End rules of origin checks for UK exporters, reducing administrative costs. Does not require UK to adopt EU principle of free movement of labor.

Cons:

Relatively small net gain of 0.4 percentage point. Loss of sovereignty over trade deals and tariffs. Border checks and paperwork still required as the UK remains outside the single market.

2) Swiss-style deal: +0.8 percentage point

A “cherry-picker’s” charter, as some would describe it, as the UK would sign a series of bilateral trade deals with the EU in return for single market access in those specific areas. This could go beyond goods trade to include mutual recognition of professional standards to allow services like architecture to work more easily within the bloc.

Pros: Deep access to the single market in the chosen areas. Reduces tariff and non-tariff barriers, removing all border frictions and administrative costs in those areas.

Cons: UK would have to adopt EU rules for the selected deals, with little freedom to diverge. Reduced legal sovereignty as UK would be subject to some European Court of Justice rulings. Building the deals could take many years, as it has for Switzerland. It is possible the EU would grant limited single market access without asking for full free movement of labor but the Swiss have accepted free movement.

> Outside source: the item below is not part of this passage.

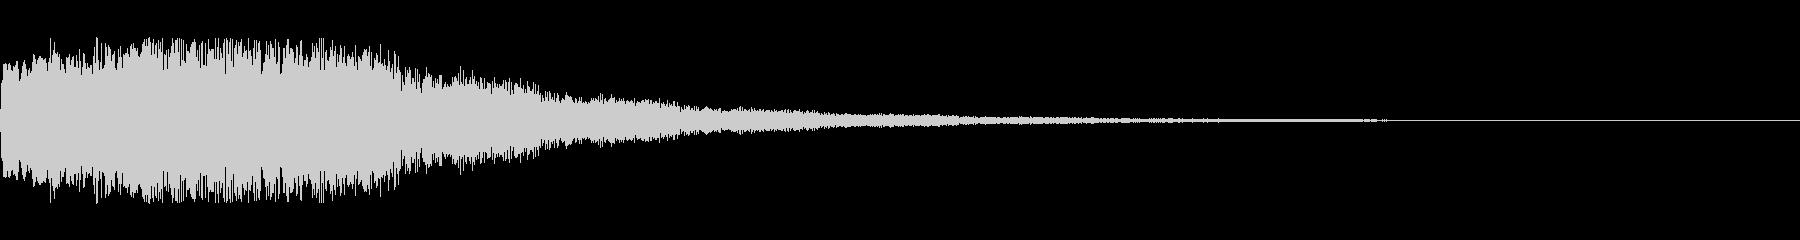 ポワポワした電子音 決定音の未再生の波形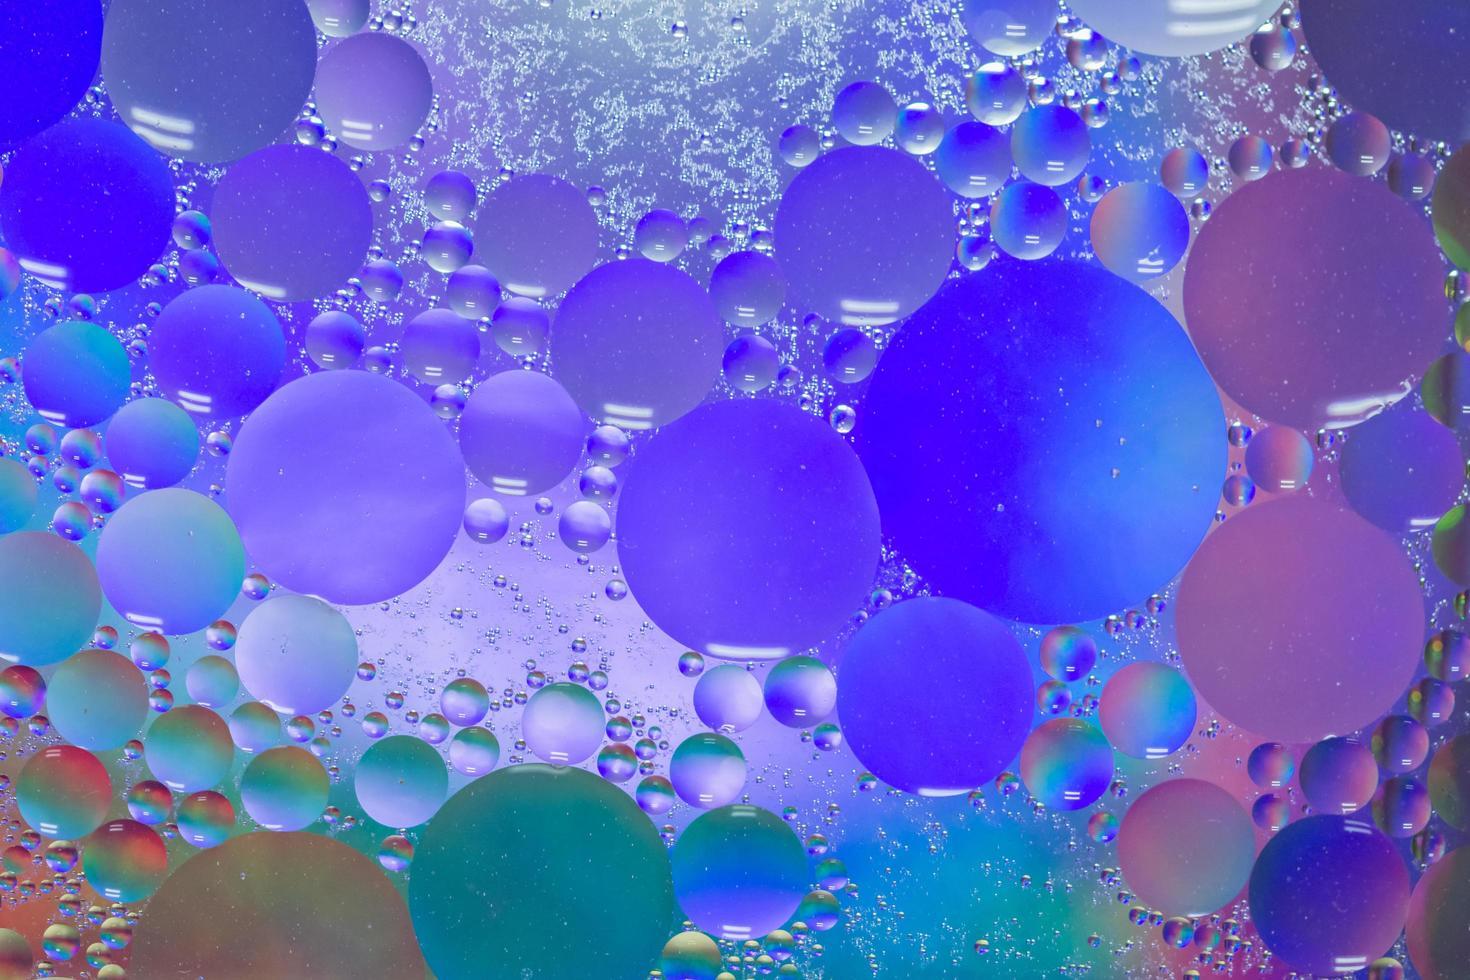 olja och vatten abstrakt makro bakgrund foto

3) Single Market for Goods: +1.2 percentage points

A bespoke deal for the UK that would give it access to the single market for goods alone. According to reports, British and EU officials have discussed the proposal.

Pros: Biggest economic boost of all plausible options. Deep access to the single market in chosen areas. Reduces tariff and non-tariff barriers, removing all border frictions and administrative costs. Quicker and easier to complete than Swiss-style sector-by-sector negotiations.

Cons: Talks with the EU foundered on the strict requirement for free movement of labor. Loss of sovereignty over goods regulation and trade deals.